I receive many messages and talk often with friends about the spiraling chaos and lacerating trauma being inflicted daily on the body politic by the Present Occupant of the White House and his allies, both those who sin with enthusiasm and those who collude through indifference. Many of my friends and colleagues feel that if we only found the right language and images, we could spark empathy in those who want to build the border wall (to pick one example): show them the hypocrisy of citing national security as a reason to shut down the government…including the Department of Homeland Security! Show them images of Jesus, Mary, and Joseph freezing beyond the border wall, unable to reach the manger. And so on.
The truths underlying these ideas are plain to see. First, we know that kindling empathy is necessary to change attitudes that lead to harming others. As every spiritual tradition teaches, seeing others as fully equal to ourselves and as fully deserving of compassion and care is a prerequisite for treating them humanely.

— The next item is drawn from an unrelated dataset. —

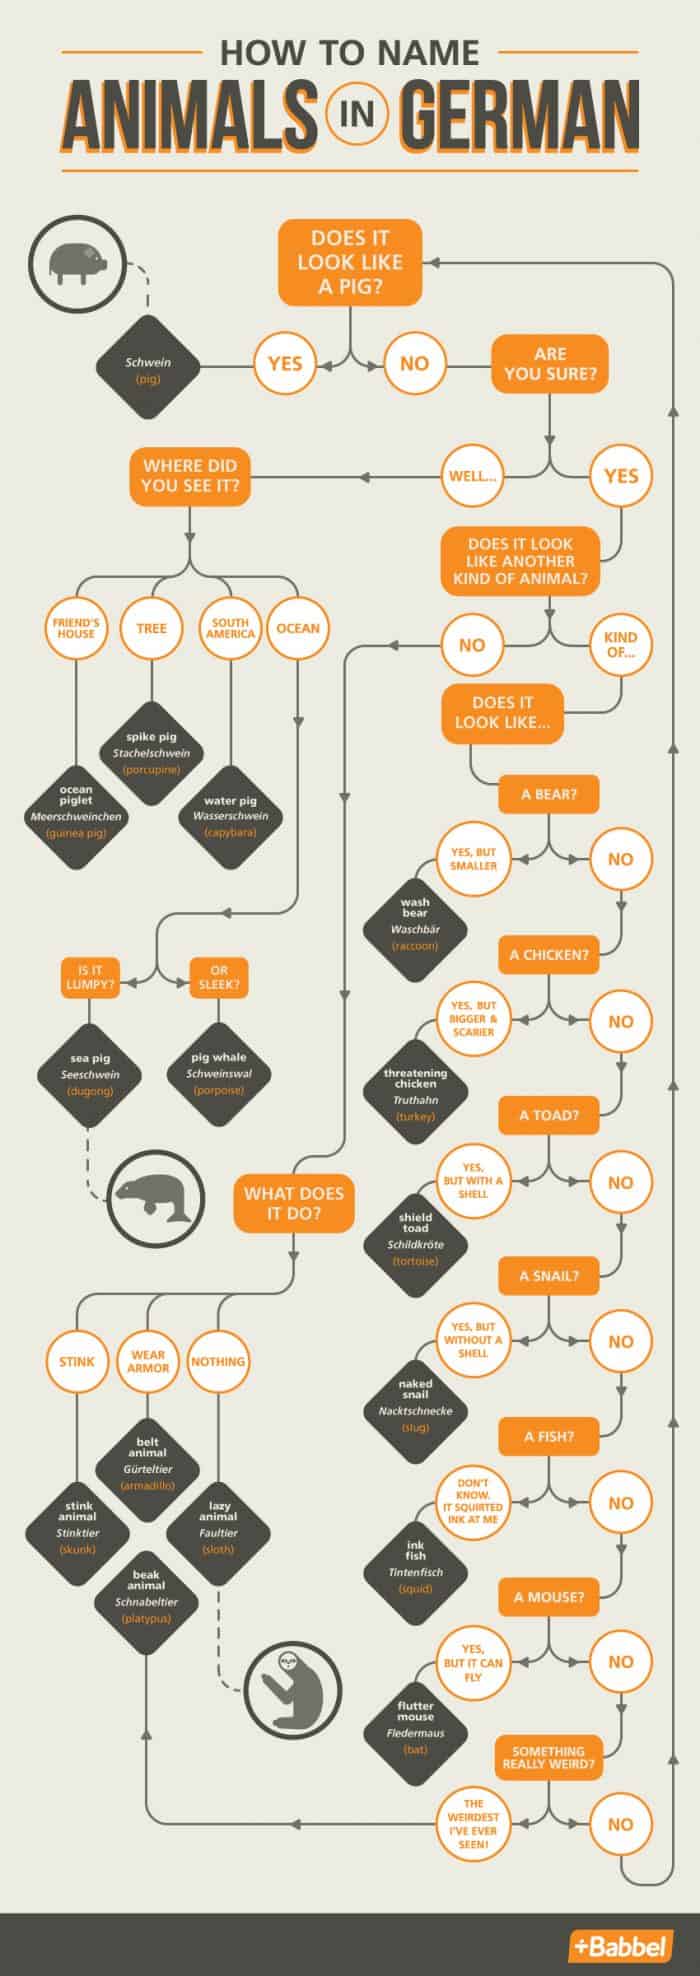 How To Name Animals In German Infographic

As my tradition puts it, “Do not unto others that which is hateful to yourself.” Second, that we human beings, possessing consciousness, have choice, that as we have seen in countless conversion stories, we have the capacity to throw off old beliefs and attitudes and set out on a new path.
Yet, plain and simple, it is a delusion to believe that empathy and compassionate action will reign if only we find the right way to bring the message home. Many things beyond messaging stand in the way.
Consider scapegoating, arguably humanity’s most popular political tactic, attributing one’s own suffering to a vilified out-group, and prescribing control or elimination of that group as the antidote. If you believe an Other prevents your dreams coming true, eliminating the Other is mere necessity.
Consider the seduction of belief in a powerful figure—a father of sorts—who promises to cure all your ills as he shrewdly discredits counter-arguments by dismissing critics as tools of an evil cabal. The desire to be cared for is profound.
Consider a cold calculation of self-interest: I want to prosper and rise, and if I have to split gains with you, I only get half as much, so that’s a no-brainer. Me first!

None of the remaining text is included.